EXERCISE DIRECTIONS> Set the material down again exactly, line by line, skipping each picture.

INFORMATION SUPPLIED>
++++++++

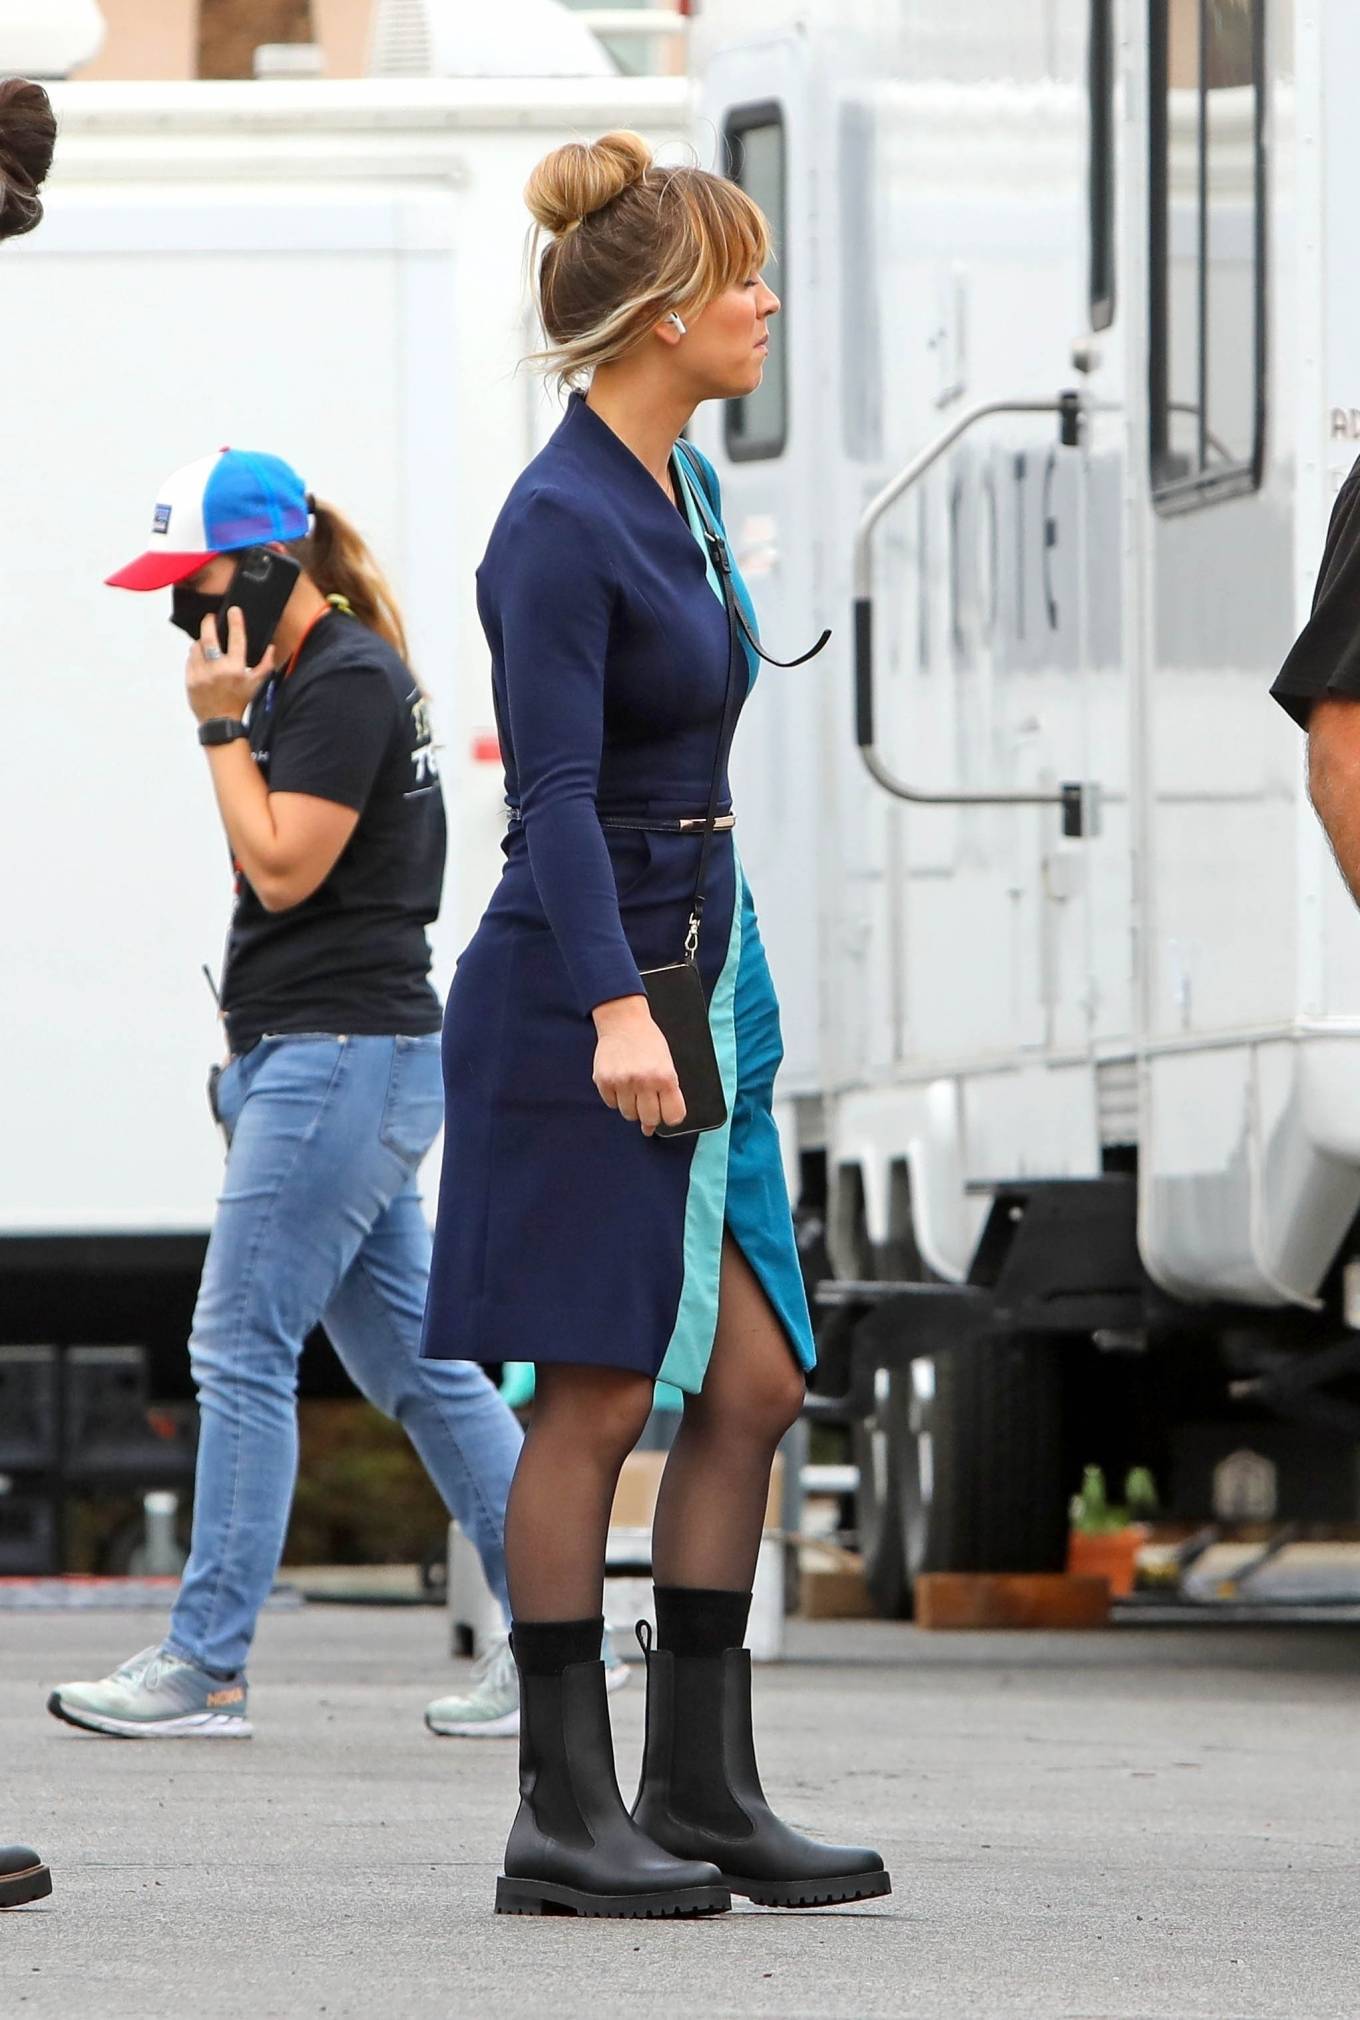 Kaley Cuoco 2021 : Kaley Cuoco – On a break from shooting scenes on the set of The Flight Attendant in Los Angeles-10
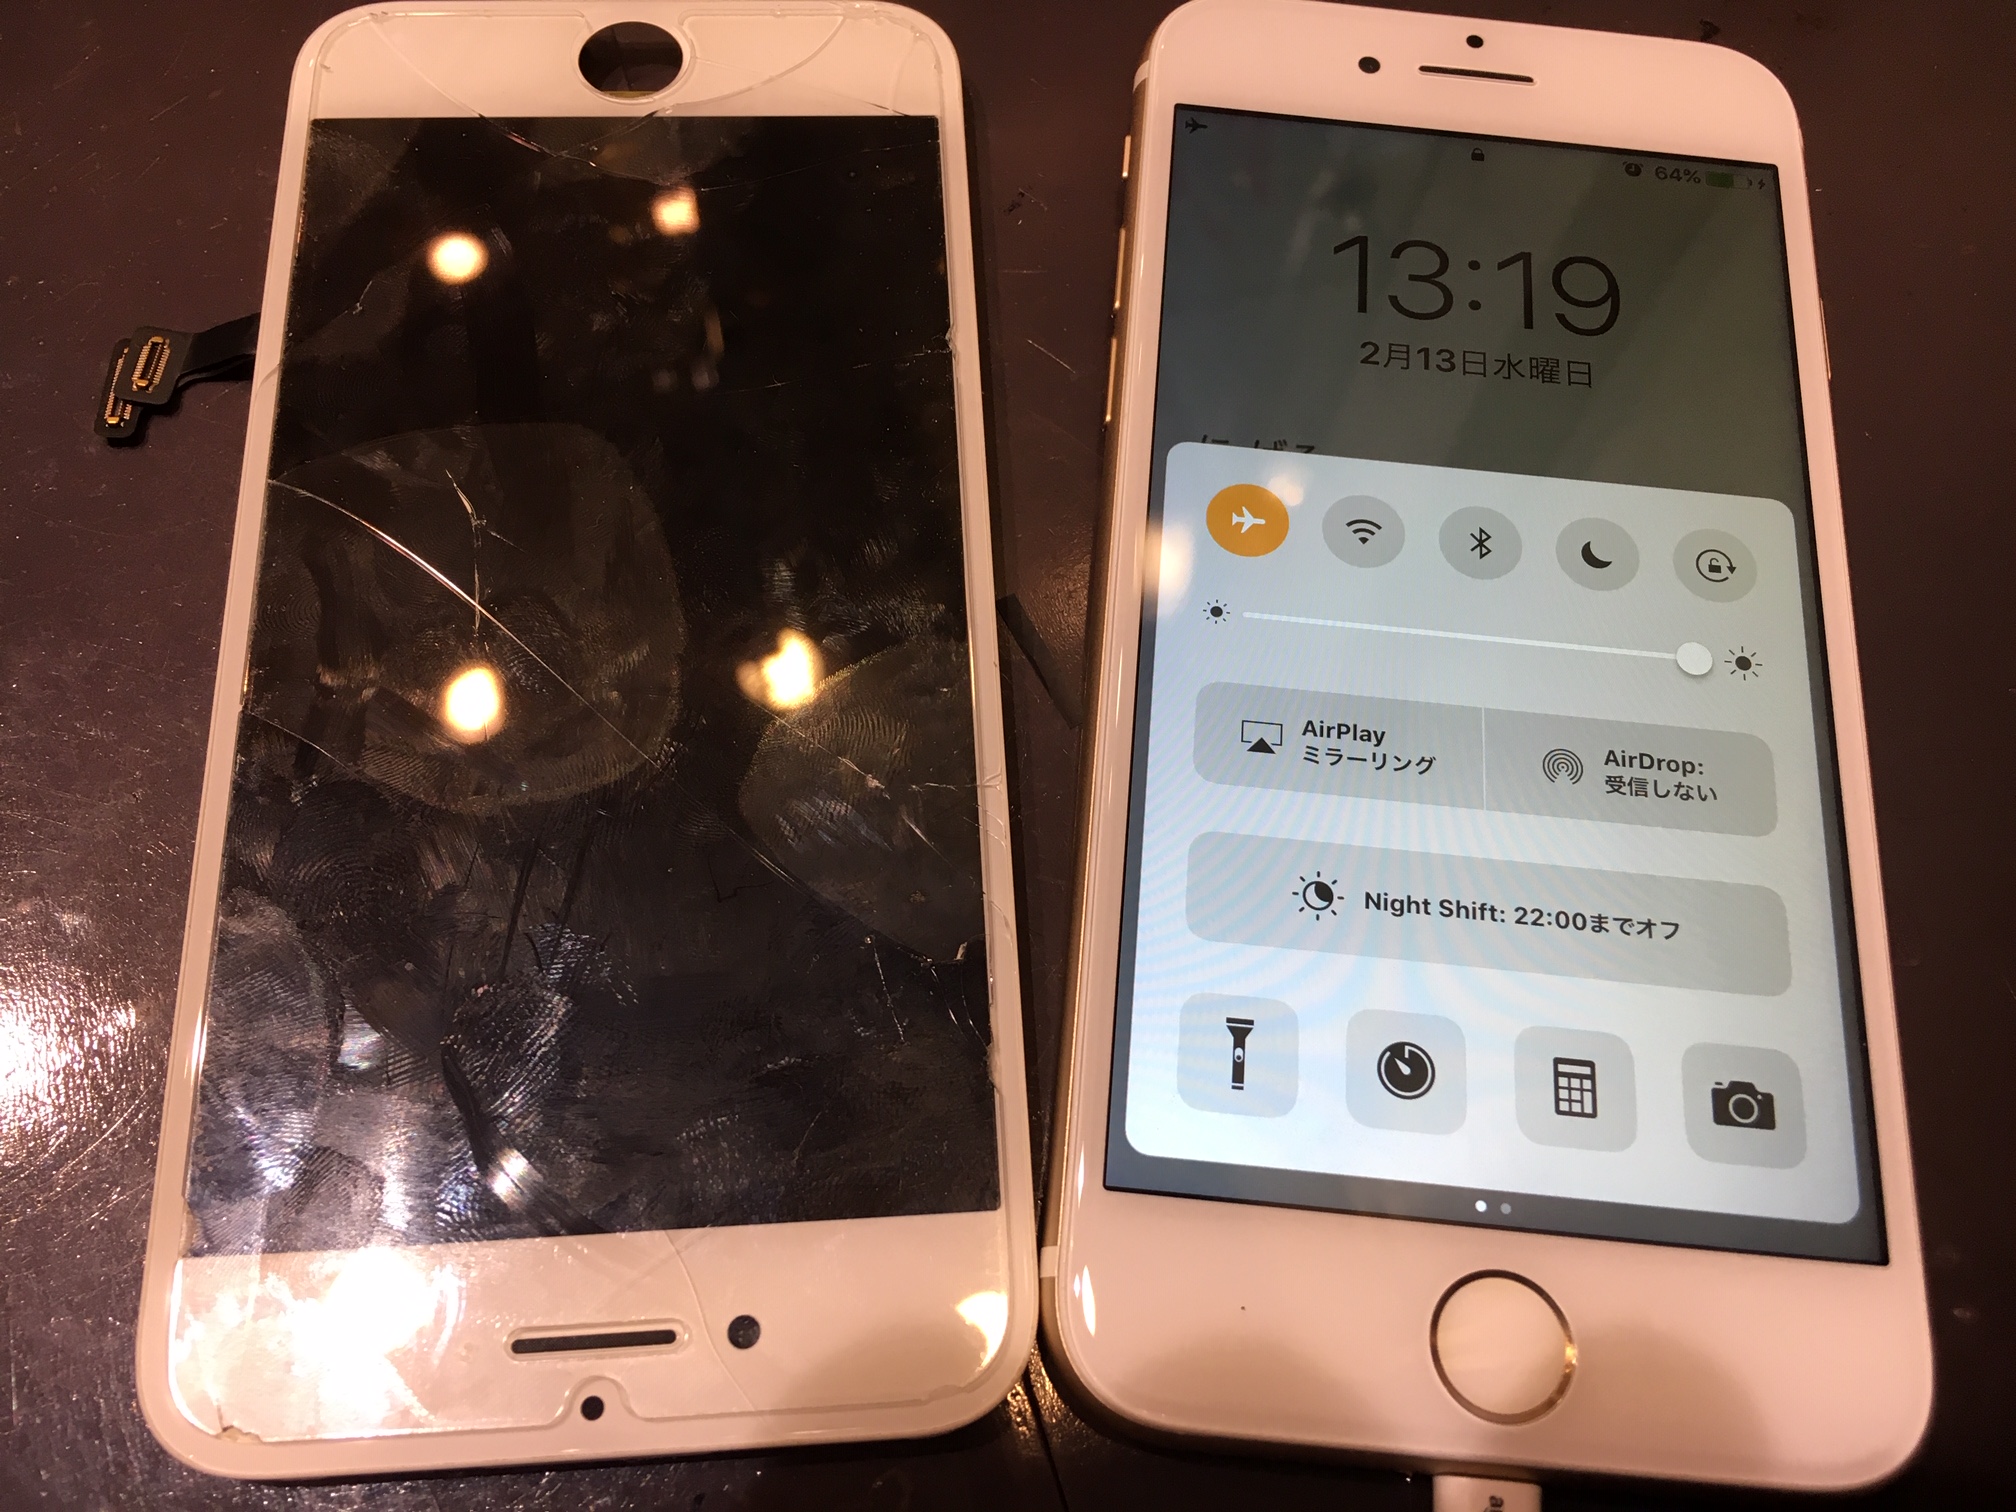 iphone7　画面とバッテリー交換　尼崎・伊丹のiPhone即日修理ならスマートクール
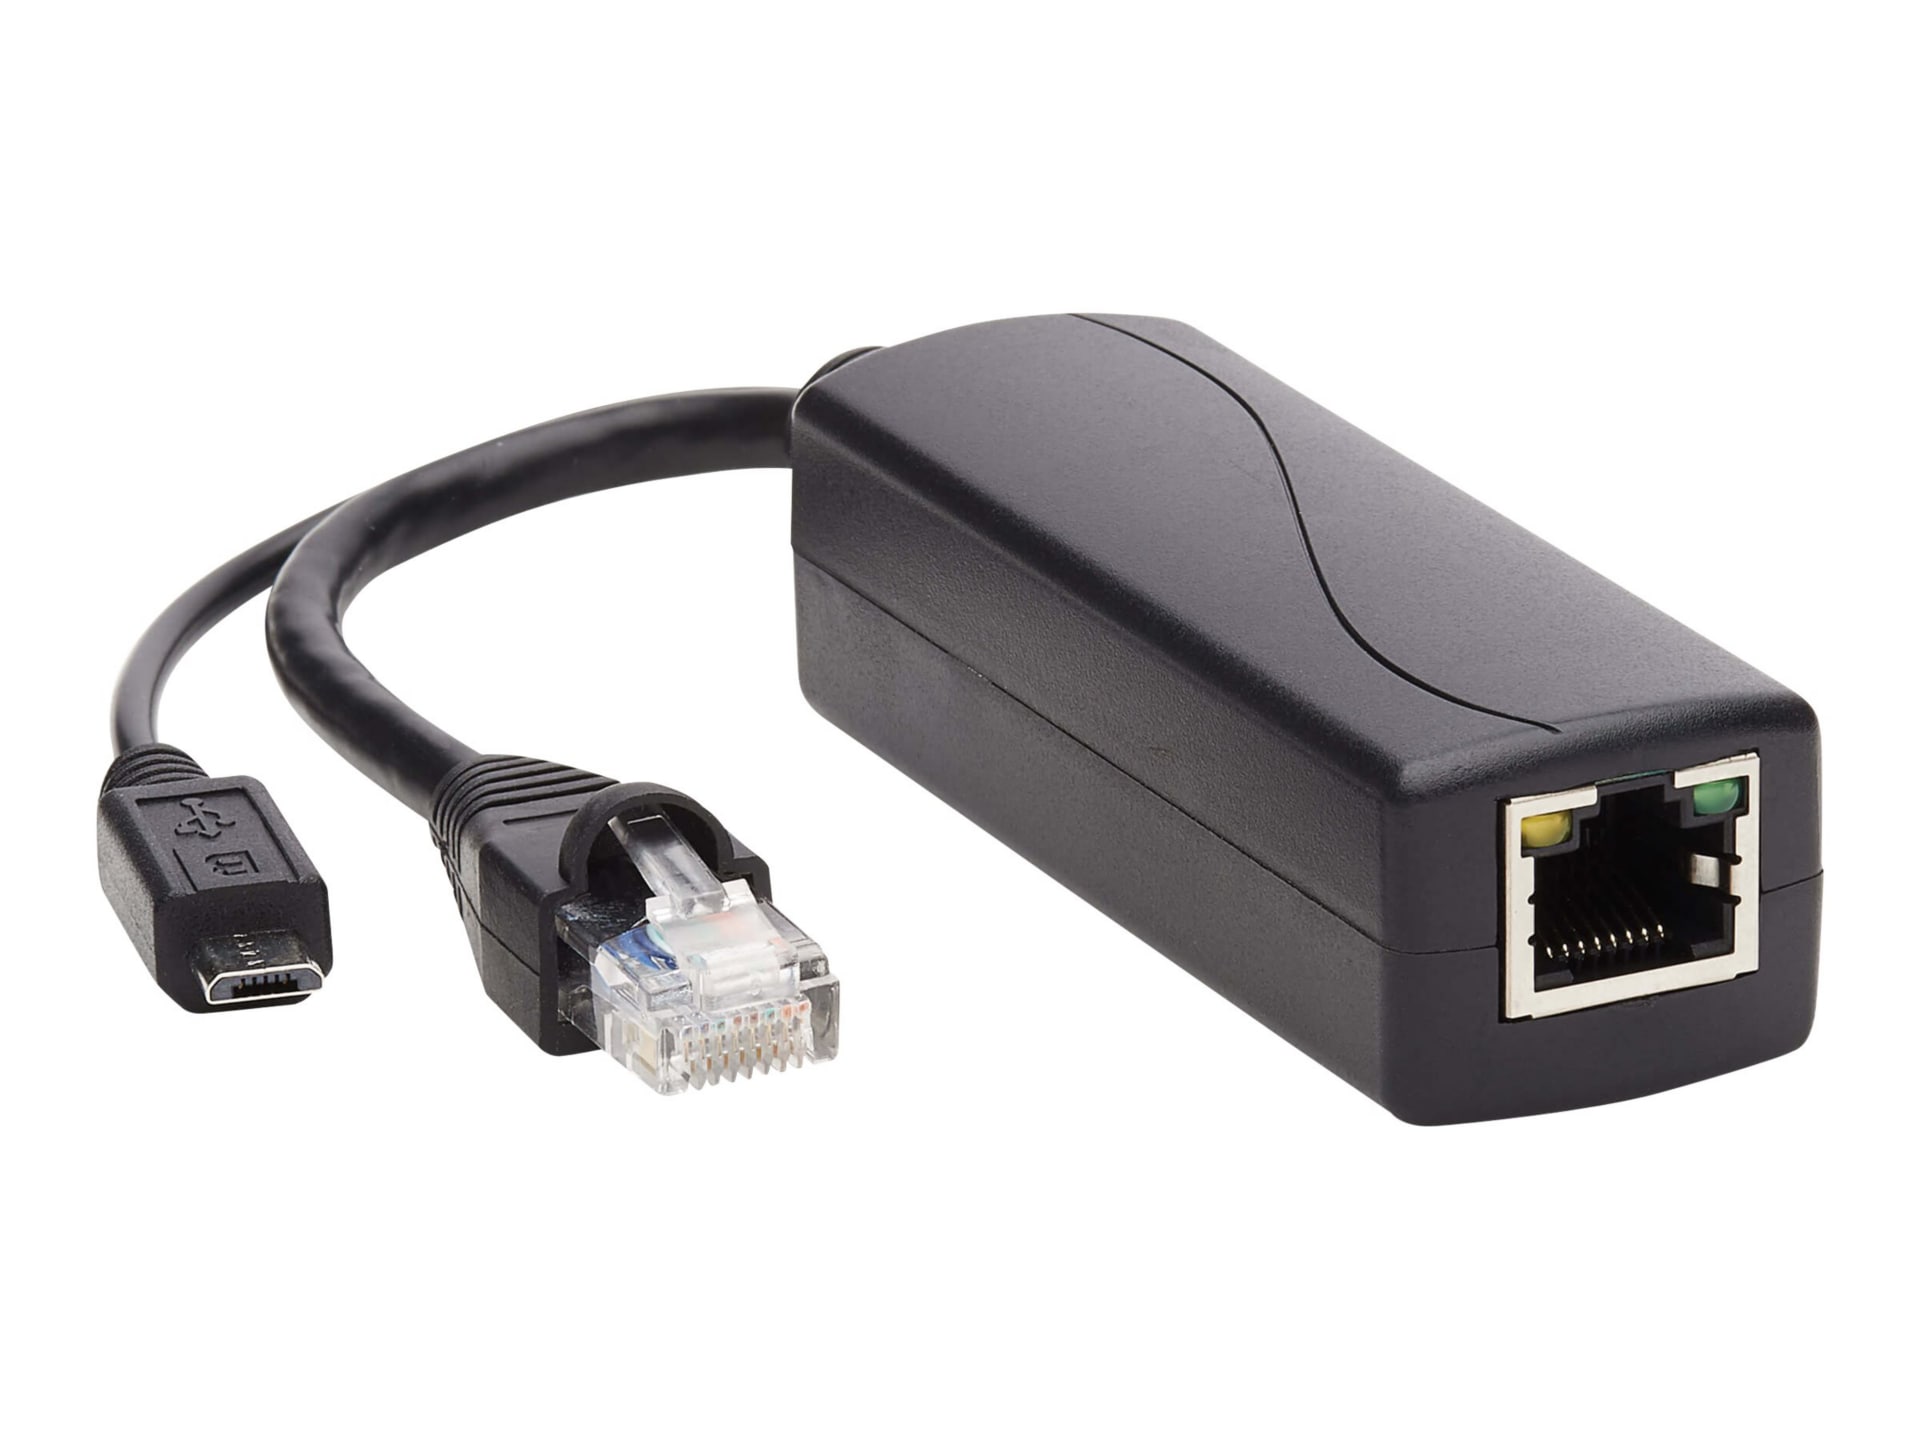 Eaton Tripp Lite Series PoE to USB Micro-B and RJ45 Active Splitter - 802.af, 48V to 5V 1A, Up to 328 ft. (100 m) - PoE

++++++++

RESPONSE TO THE TASK>
 Kaley Cuoco 2021 : Kaley Cuoco – On a break from shooting scenes on the set of The Flight Attendant in Los Angeles-10
 iphone7　画面とバッテリー交換　尼崎・伊丹のiPhone即日修理ならスマートクール
 Eaton Tripp Lite Series PoE to USB Micro-B and RJ45 Active Splitter - 802.af, 48V to 5V 1A, Up to 328 ft. (100 m) - PoE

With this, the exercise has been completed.